[Task description]: The copy should begin at the line containing "Mulberry silk facemask- Khẩu" and end with the last line below, every line exact and no picture included.

[Supplied information]:

----------------------------------------

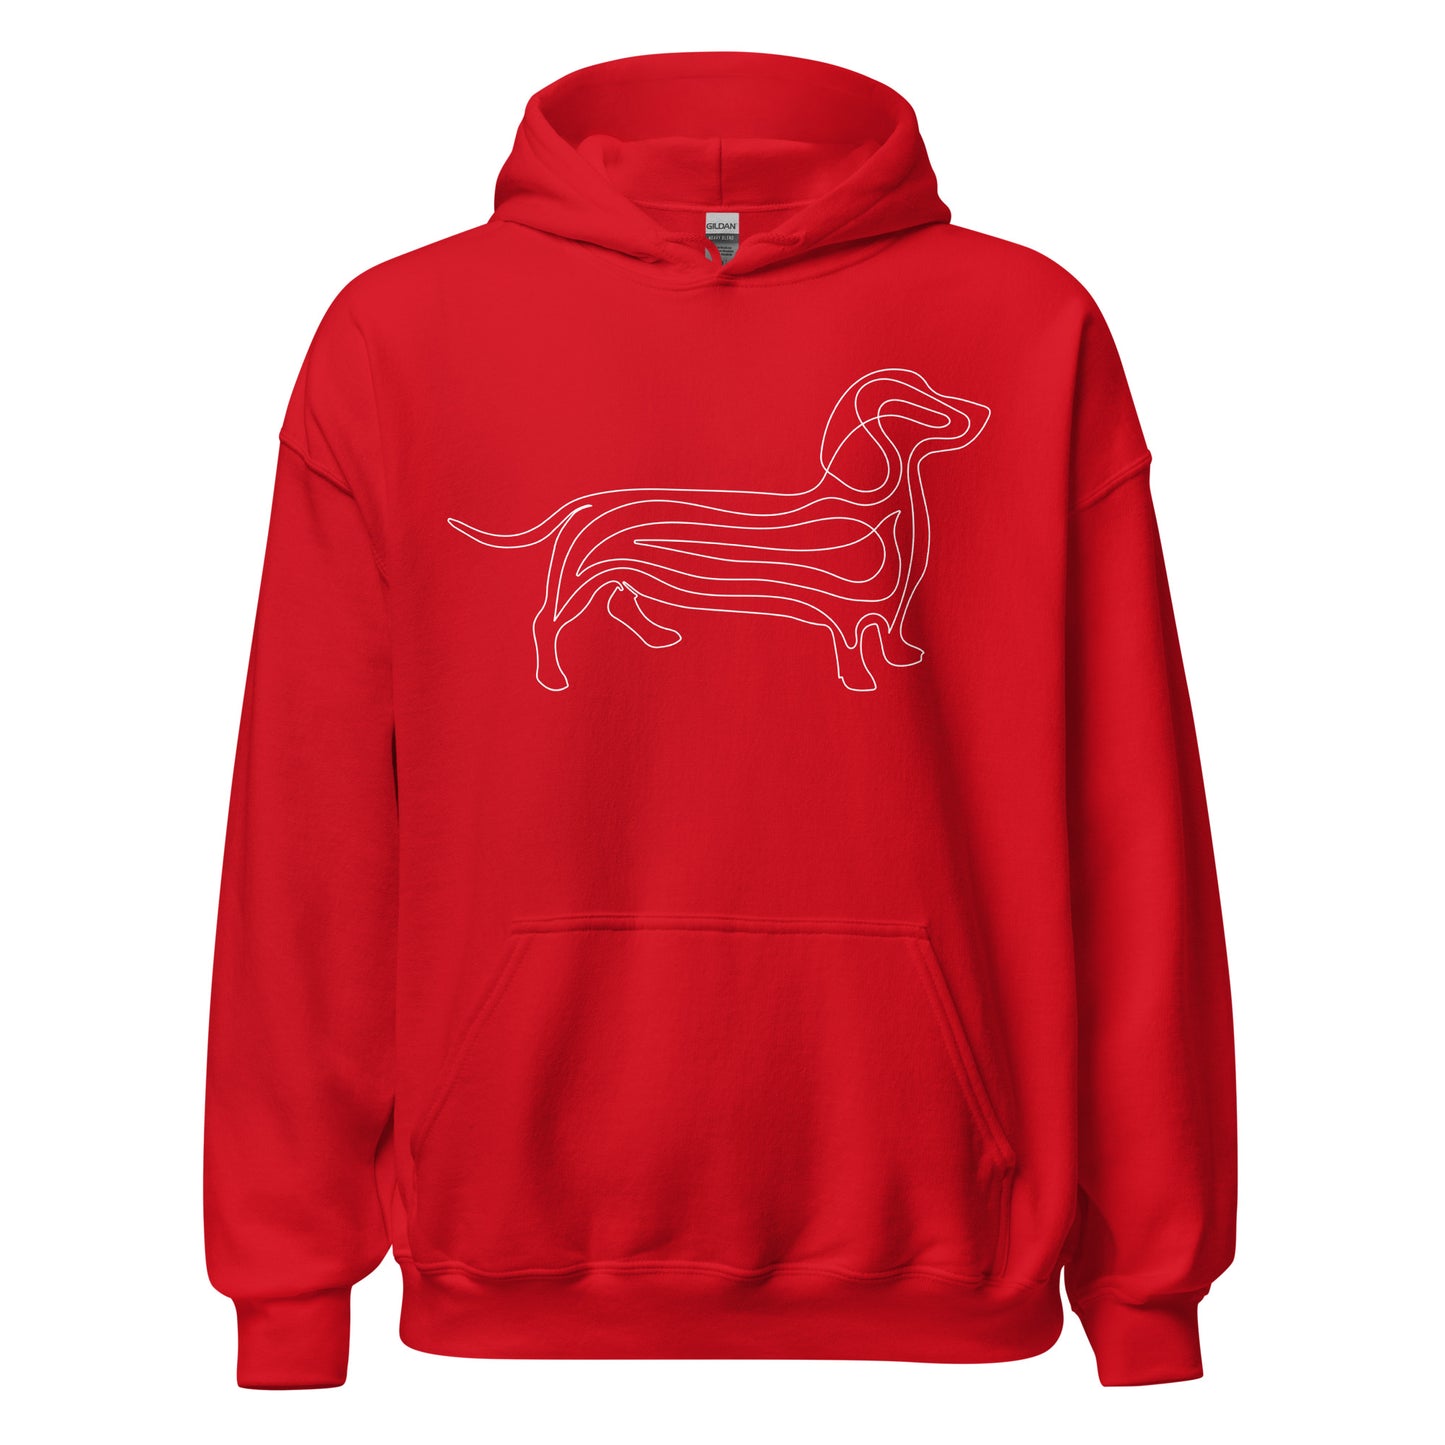 White line Dachshund on unisex red hoodie
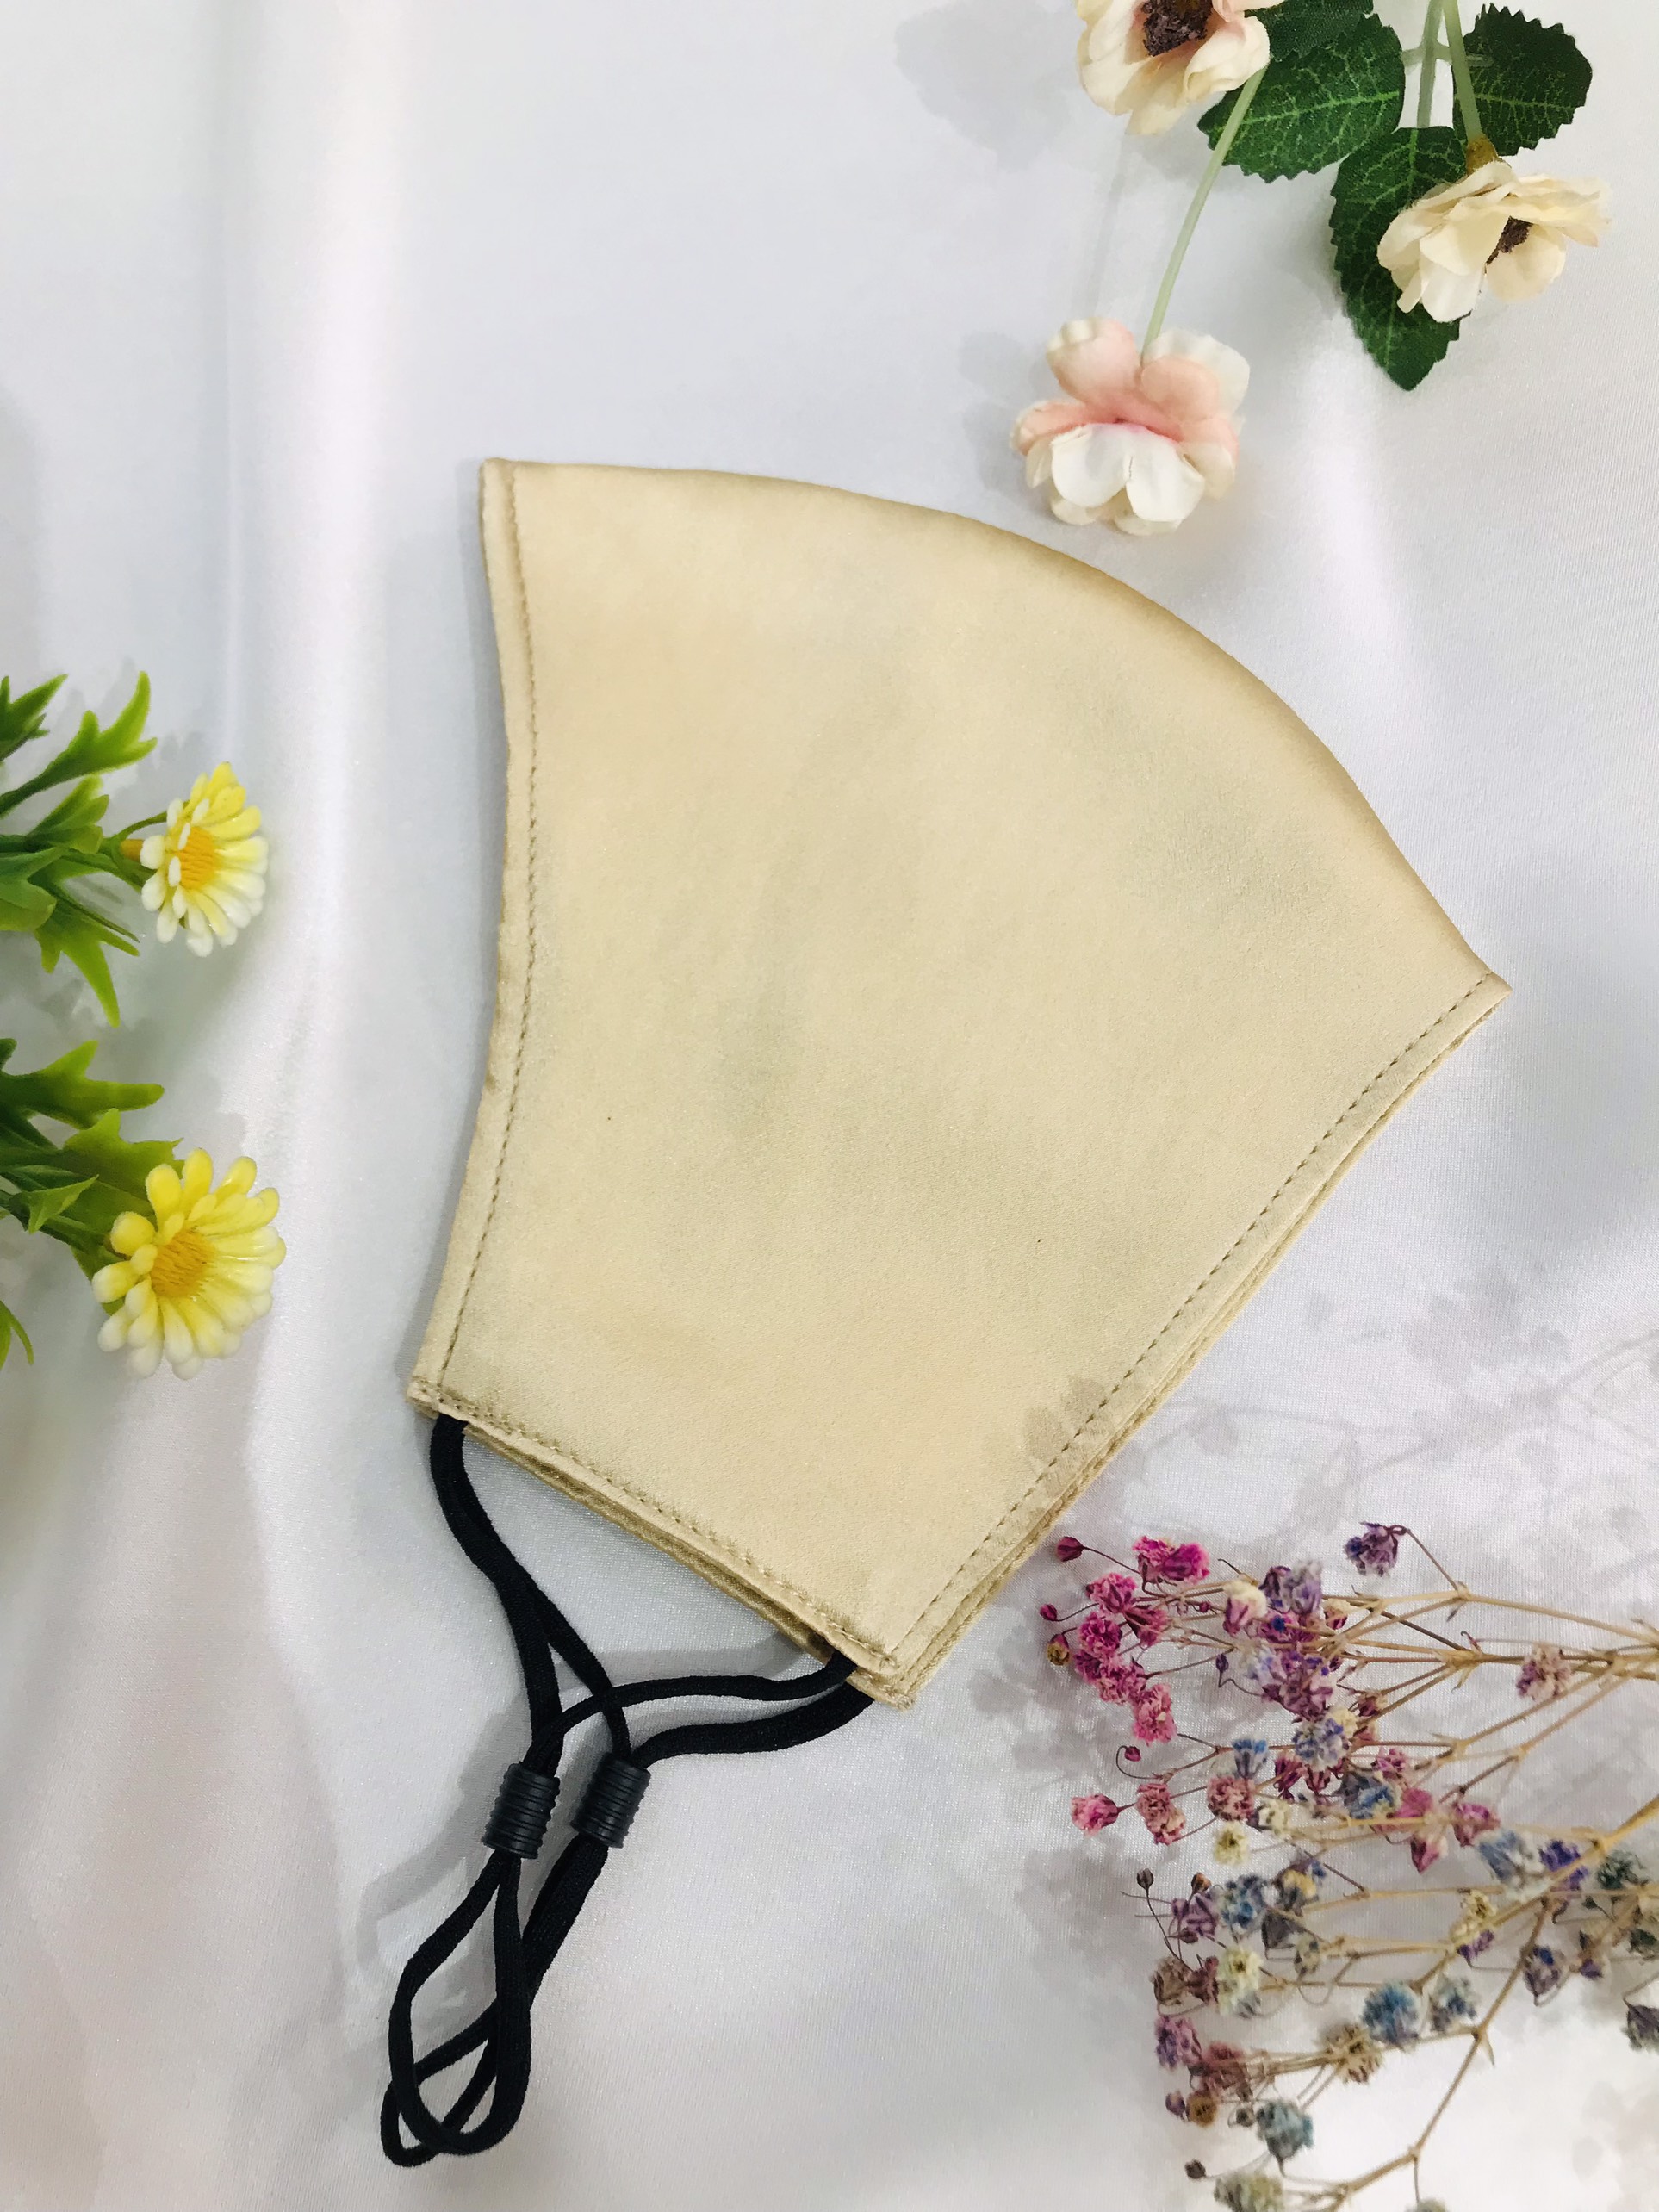 Mulberry silk facemask- Khẩu trang lụa tơ tằm tự nhiên 3 lớp unisex, gồm 2 lớp vải lụa tơ tằm (silk)+ 01 lớp bông tơ tằm
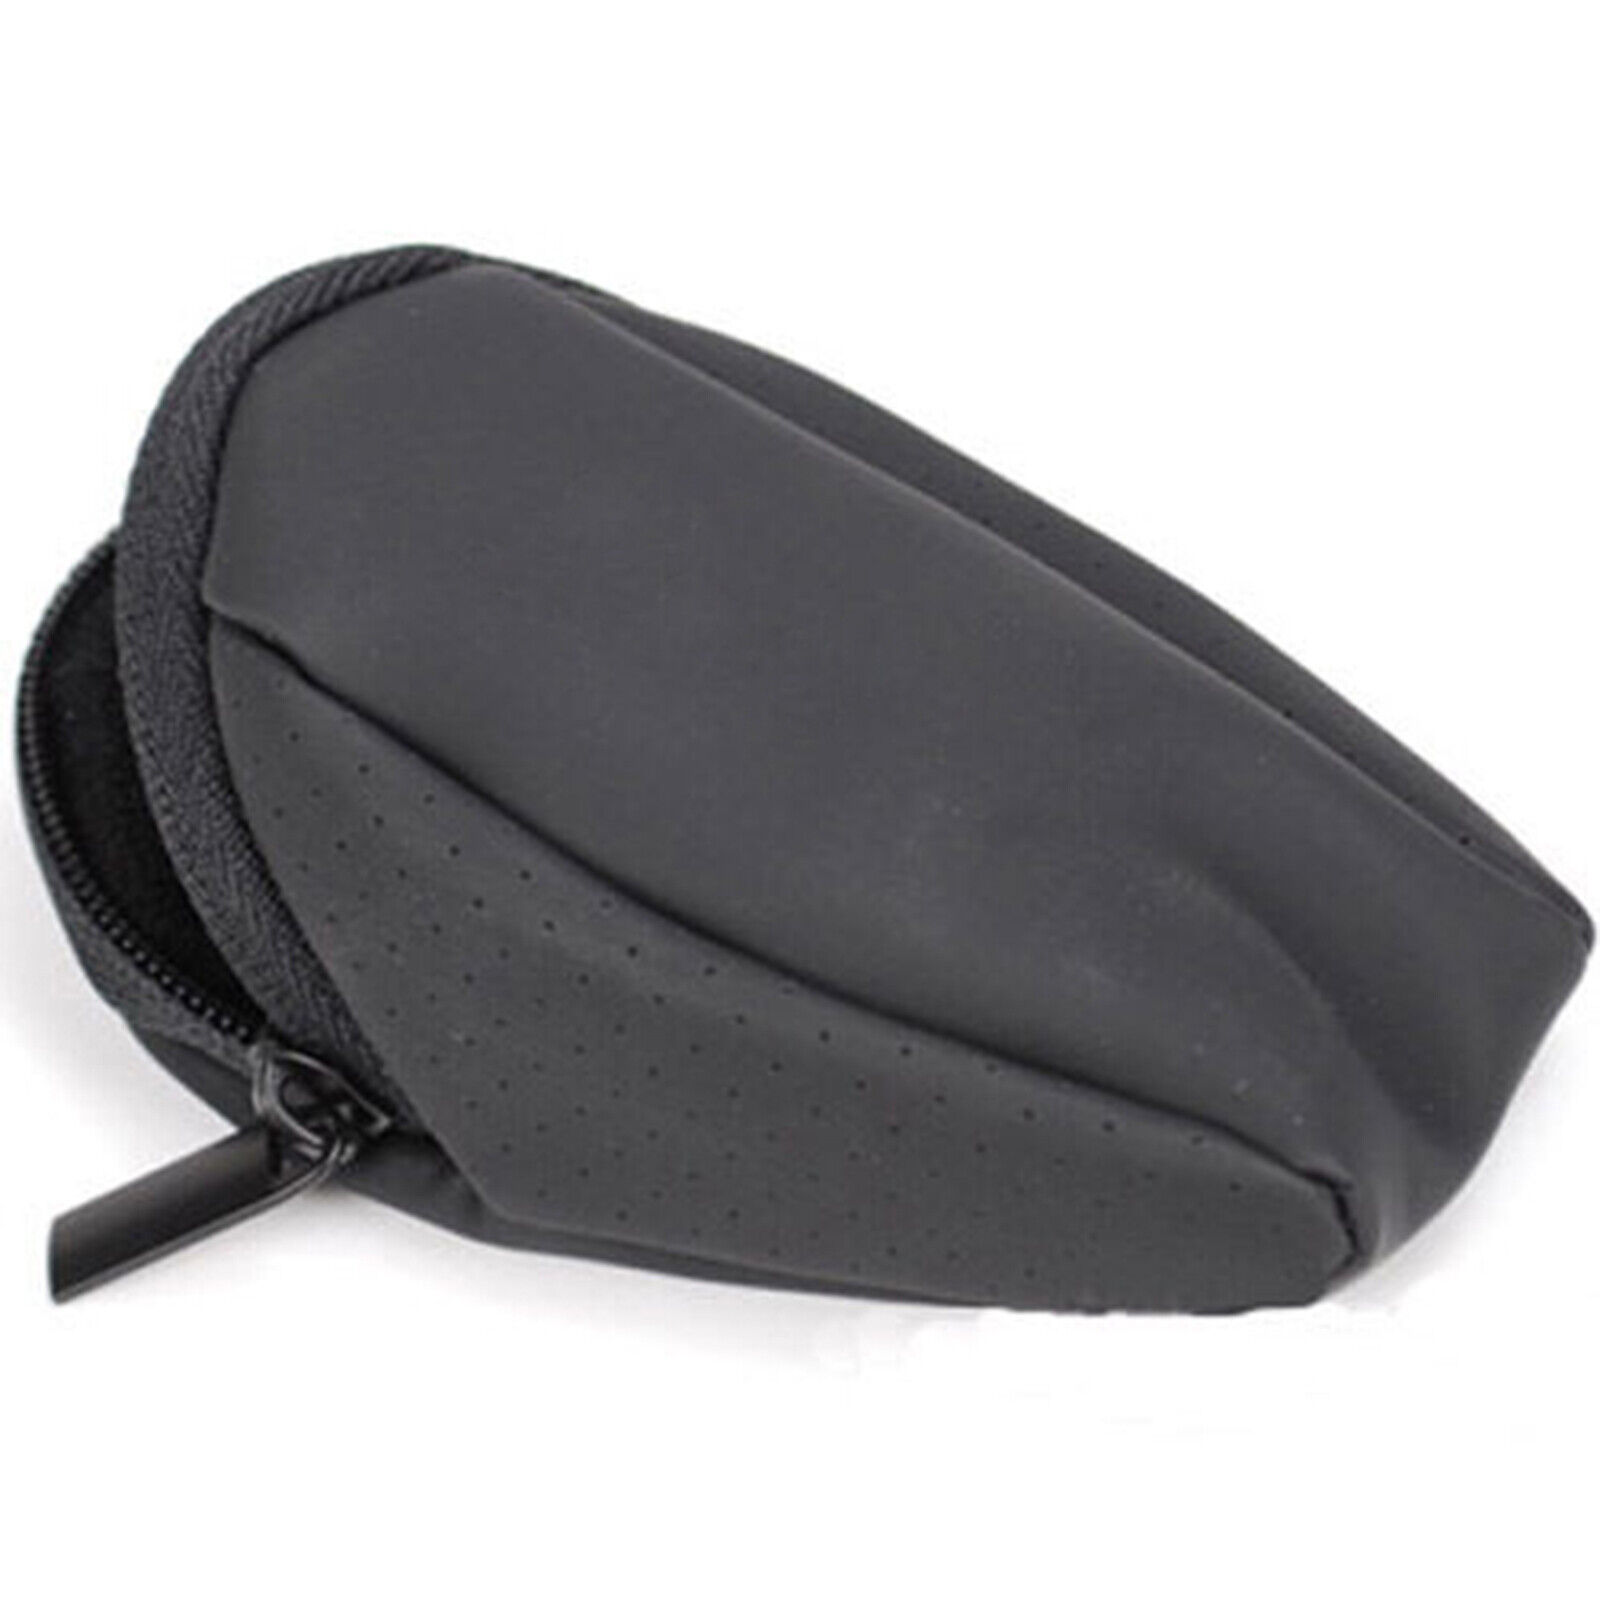 Mouse Bag Cover Zipper Pouch Fit for Logitech M905 M325 M235 M305 M215 V470 V550

----------------------------------------

[Response]:
 Mulberry silk facemask- Khẩu trang lụa tơ tằm tự nhiên 3 lớp unisex, gồm 2 lớp vải lụa tơ tằm (silk)+ 01 lớp bông tơ tằm
 Mouse Bag Cover Zipper Pouch Fit for Logitech M905 M325 M235 M305 M215 V470 V550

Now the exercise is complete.